An important thing to remember when using the RER is that you must keep your ticket safe. You're supposed to keep your ticket anyway, as you can be asked to show it at any point within the metro system, but it is especially important with the RER as you need your ticket to get out (much like in the London Underground).
Although the 2007 strike was very very inconvenient for a lot of people, I was unable to get to work on more than one occasion - the platforms were crammed with people and if you were lucky enough to get onto a train, there was literally no room to breathe - I certainly know what it must be like to be a sardine now! However, it's unlucky to ever reach such proportions again - a minimum service law has now come into effect, so even when train drivers are striking, there will always be 40% of the trains running.
~~ STRIKES ~~ Unfortunately, the French have gone and got themselves a bit of a reputation for being a nation of complainers, forever on strike. Having lived there for 9 months, during the 2007 transport strikes (which even made their way onto UK news, they were that bad), it's hard to deny this reputation. The 2007 transport strikes are the worst the country has seen since 1995. The thing is, the French strike a lot and more often than not it has little effect on the day-to-day running of the country. The 2007 strike was unfortunate because everyone jumped on the bandwagon - train drivers, metro drivers, taxi drivers, bus drivers, teachers, even opera singers! Everything pretty much came to a standstill. For this reason, it is worth keeping an ear out for such things and bearing in mind the effect it may have on your stay - during the Rugby World Cup final I know it posed problems for many British tourists who had come over. However, you may also be able to take advantage of the situation - we braved the 40 minute walk from my flat to the Eiffel Tower and were able to walk straight into one of the lifts.
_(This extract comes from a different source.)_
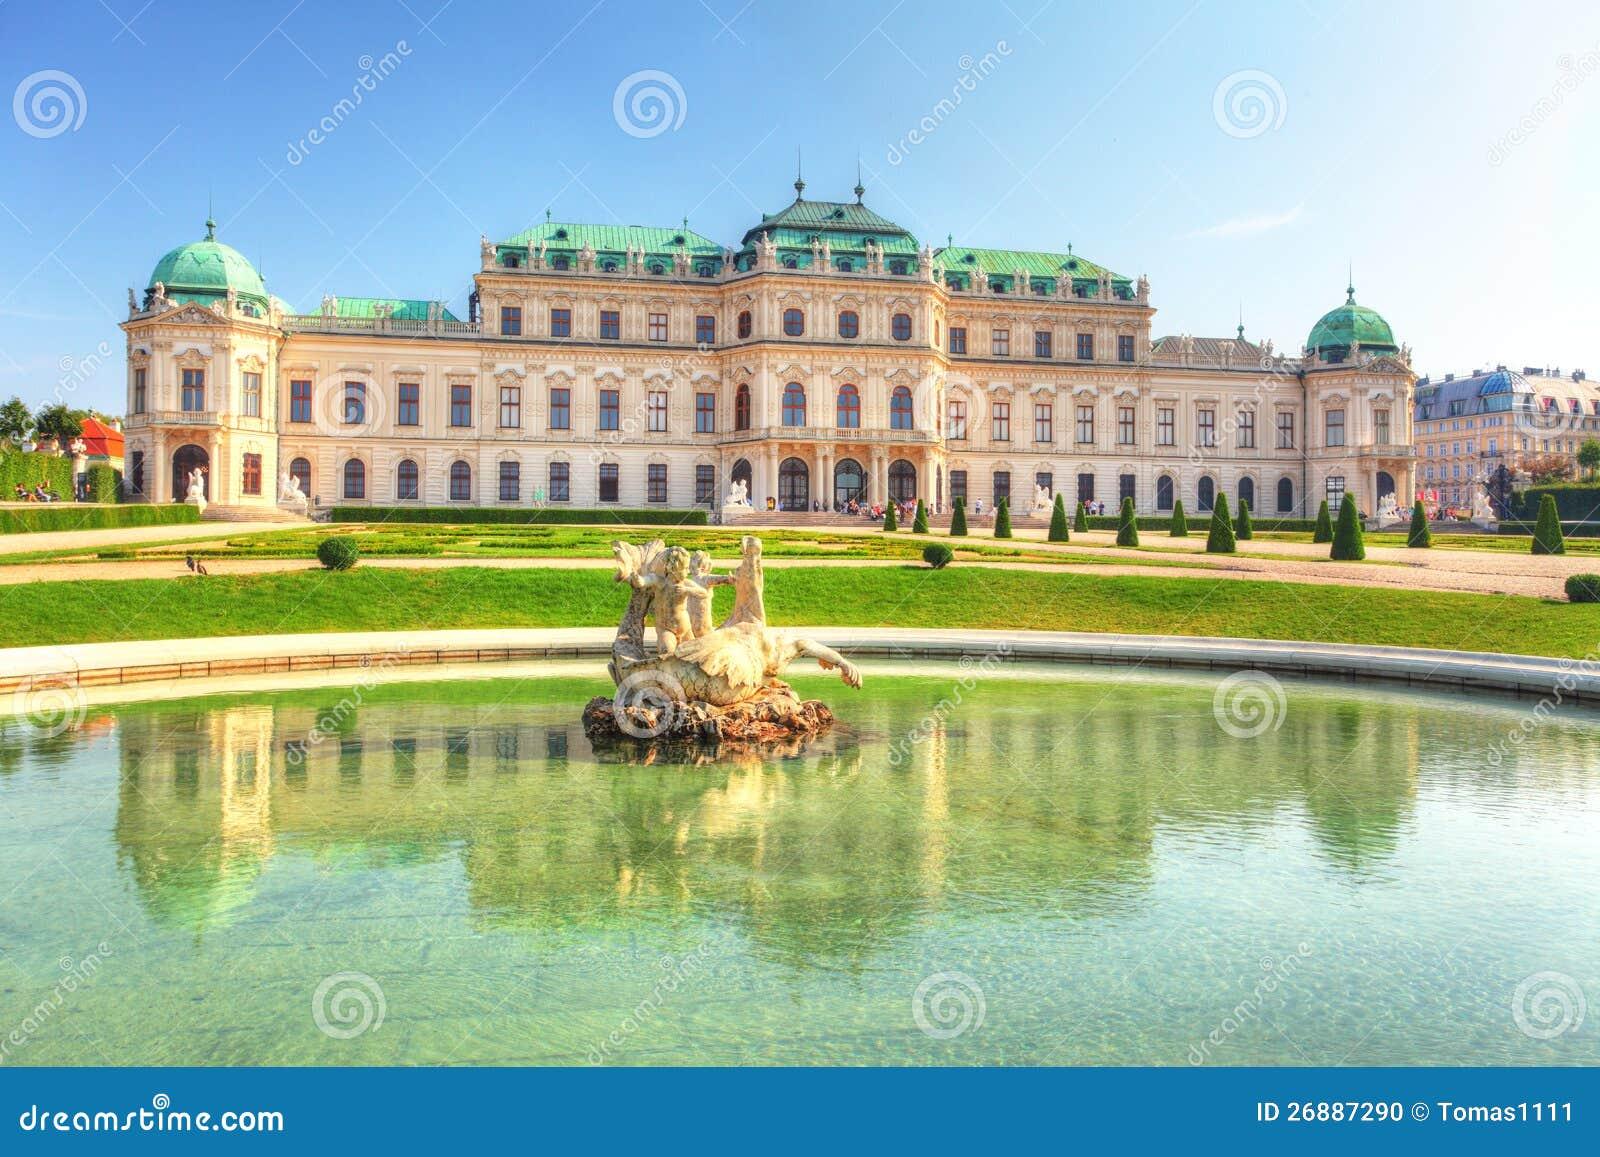 Palais de belvédère à Vienne - en Autriche

This was on the worst day of the strike, and one of the members of staff told us it had been very quiet for most of the day.
Even if you feel happy to take on the Parisians and their crazy driving, I would still discourage you from bringing a car to Paris, simply because of the difficulty involved in finding somewhere to park. It's also very expensive, although it's worth noting that parking is free throughout August.
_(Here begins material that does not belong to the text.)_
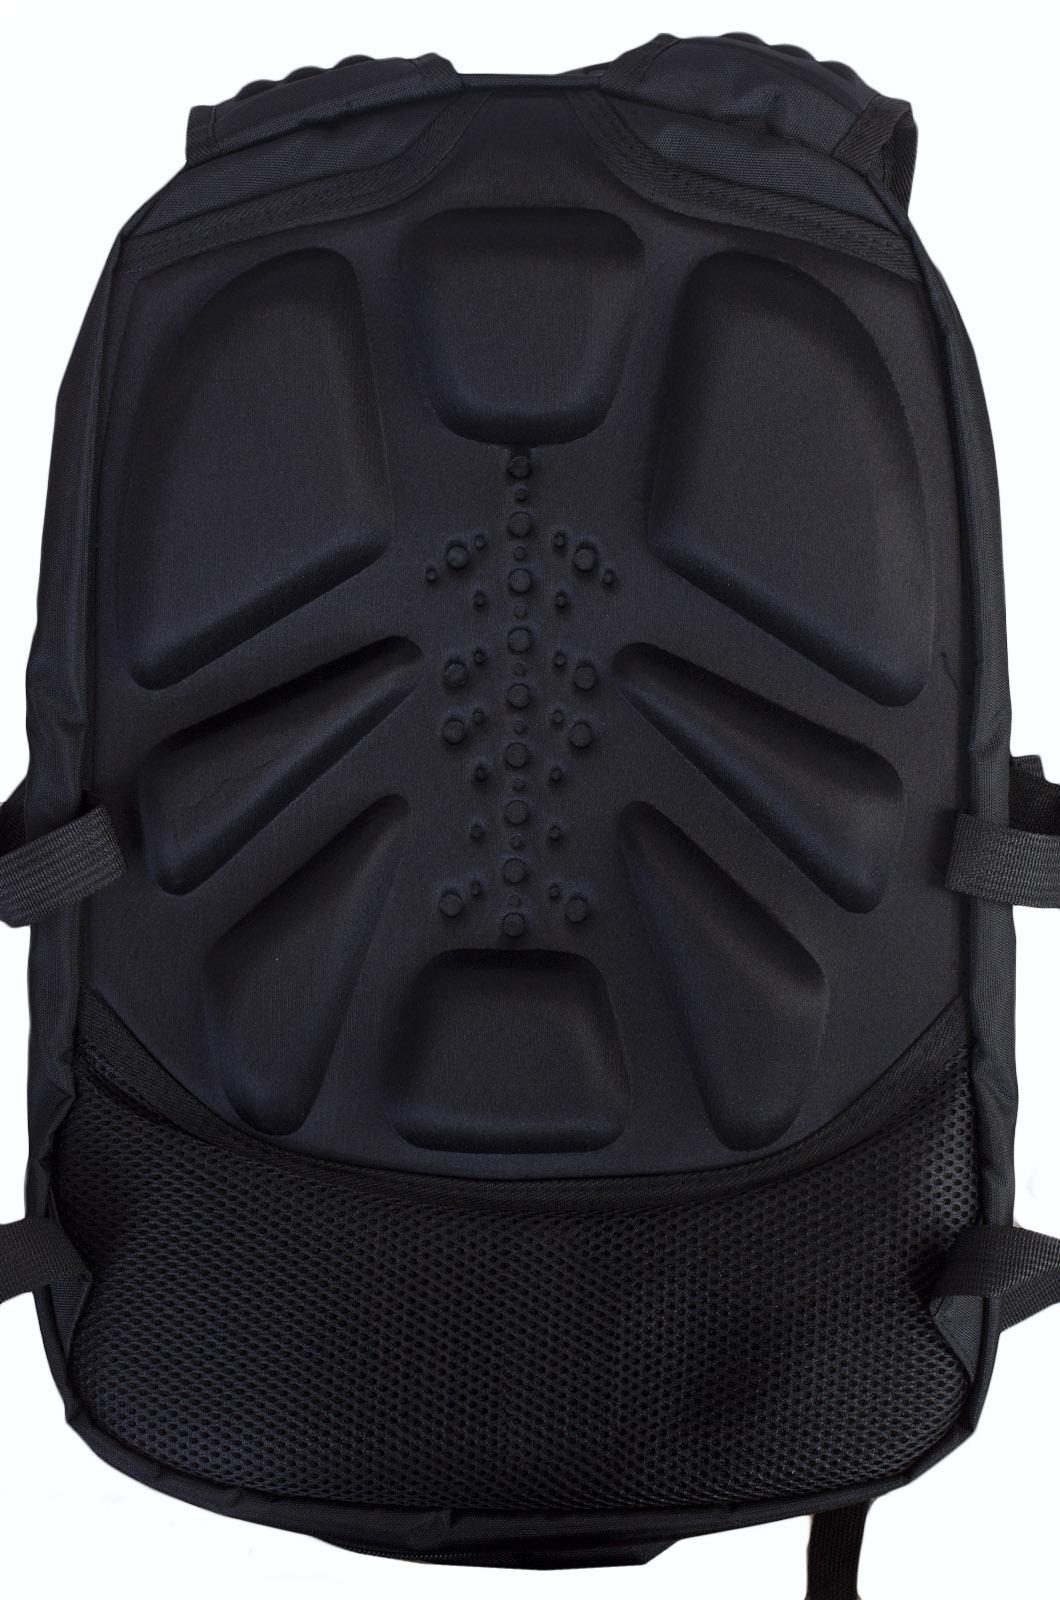 Молодежный черный рюкзак с эмблемой МЧС купить в подарок

BY CAR:- I wouldn't recommend bringing a car to Paris if you can avoid it, particularly if you're unfamiliar with the Parisian style of driving. I don't drive but I have friends who have driven in Paris (both English and French) and they confirm that it's not easy, especially if you don't know where you're going. My ex-boyfriend, who lives in the Parisian suburbs is more than used to driving in Paris but still managed to find himself getting lost, missing turnings, he even managed to end up on a one-way bus lane...going the wrong way! We also spent a great deal of time in traffic jams, particularly on the motorway coming into Paris near to the Périphérique - the huge ring road surrounding Paris.
As well as boat tours, there are several companies offering boat cruises where you eat a sit-down meal, these are particularly popular for Valentine's, Christmas and New Year and cost a pretty penny but look well worth it. Me and my boyfriend walked along the Seine on New Year's Eve and saw a few going past, needless to say we were very jealous!
BY BOAT:- I've already mentioned the Seine, it's great to travel along it, so why not travel on it? There are several companies offering boat rides down the Seine, and it's well worth checking one of them out. I've done it twice and loved it both times. You can get audio guides, explaining the sites as you see them, and giving you some of the history of the beautiful bridges which you pass along the way. My personal favourite is the Pont des Arts, a favourite with couples on romantic dates.
There are also a couple of restaurant boats which are anchored at all times, and there's even a nightclub on a boat!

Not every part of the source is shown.